Survey banner
The Dataiku Community is moving to a new home! We are temporary in read only mode: LEARN MORE

Add pin packages functionality in the Packages to install screen

Dataiku users can create and manage Python code environments in Dataiku, which is great. As part of managing a Python virtual code environment users need to be careful in managing the different package versions they use to avoid package incompatibilities or breaking their code by installing newer or older versions of packages. In the beggining people would use "pip freeze" to pin the packages versions in requirements.txt. The problem with this approach is that "pip freeze" will pin all of the pip installed packages, including their dependancies. This in turn can then lead to problems when you update one of the "initially required" packages as the dependancies are pinned and therefore can't be upgrades as well causing incompatibilities (see here for an example). 
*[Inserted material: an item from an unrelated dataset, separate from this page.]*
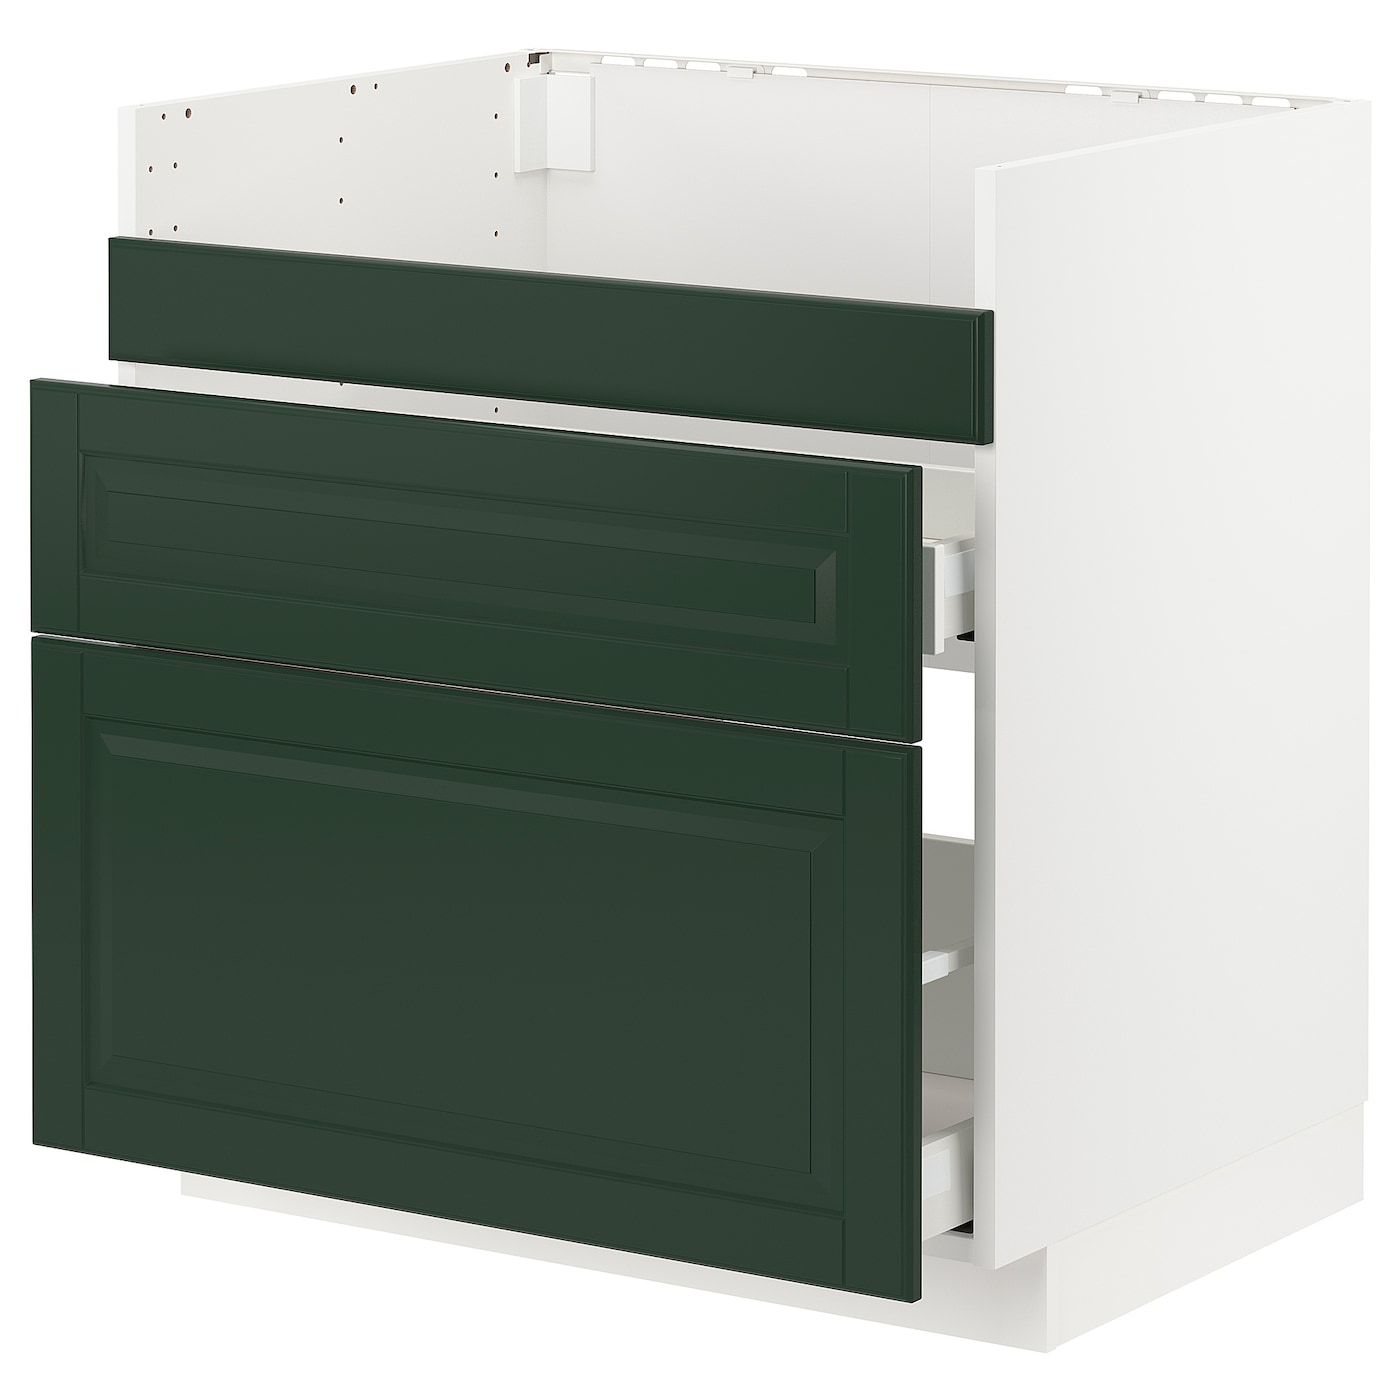 IKEA METOD / MAXIMERA Szafka pod zlew HAVSEN/3fr/2szu, biały, Bodbyn ciemnozielony, 80x60 cm

The solution to this issue is to only pin the "initially required" packages, not the resulting installed ones. This product idea is to allow users to have a "Pin requested packages" check box on the "Packages to install" screen to only pin the required packages. The way this check box will work when selected and the Update button is clicked then Dataiku will check on the "Currently installed packages" screen what version of the "Packages to install" was installed and then pin the version in the "Packages to install". So for instance the user requests the package ldap in "Packages to install", then checks the "Pin requested packages" check box and clicks update. Dataiku installs ldap3 v2.9.1 and updates the "Packages to install" section with "ldap3==2.9.1" pinning the ldap package version to v2.9.1. 

This functionality will greatly simplify administration of code environments as users can decide to always pin "Packages to install" making sure they are no package version changes unless they are explicitely requested.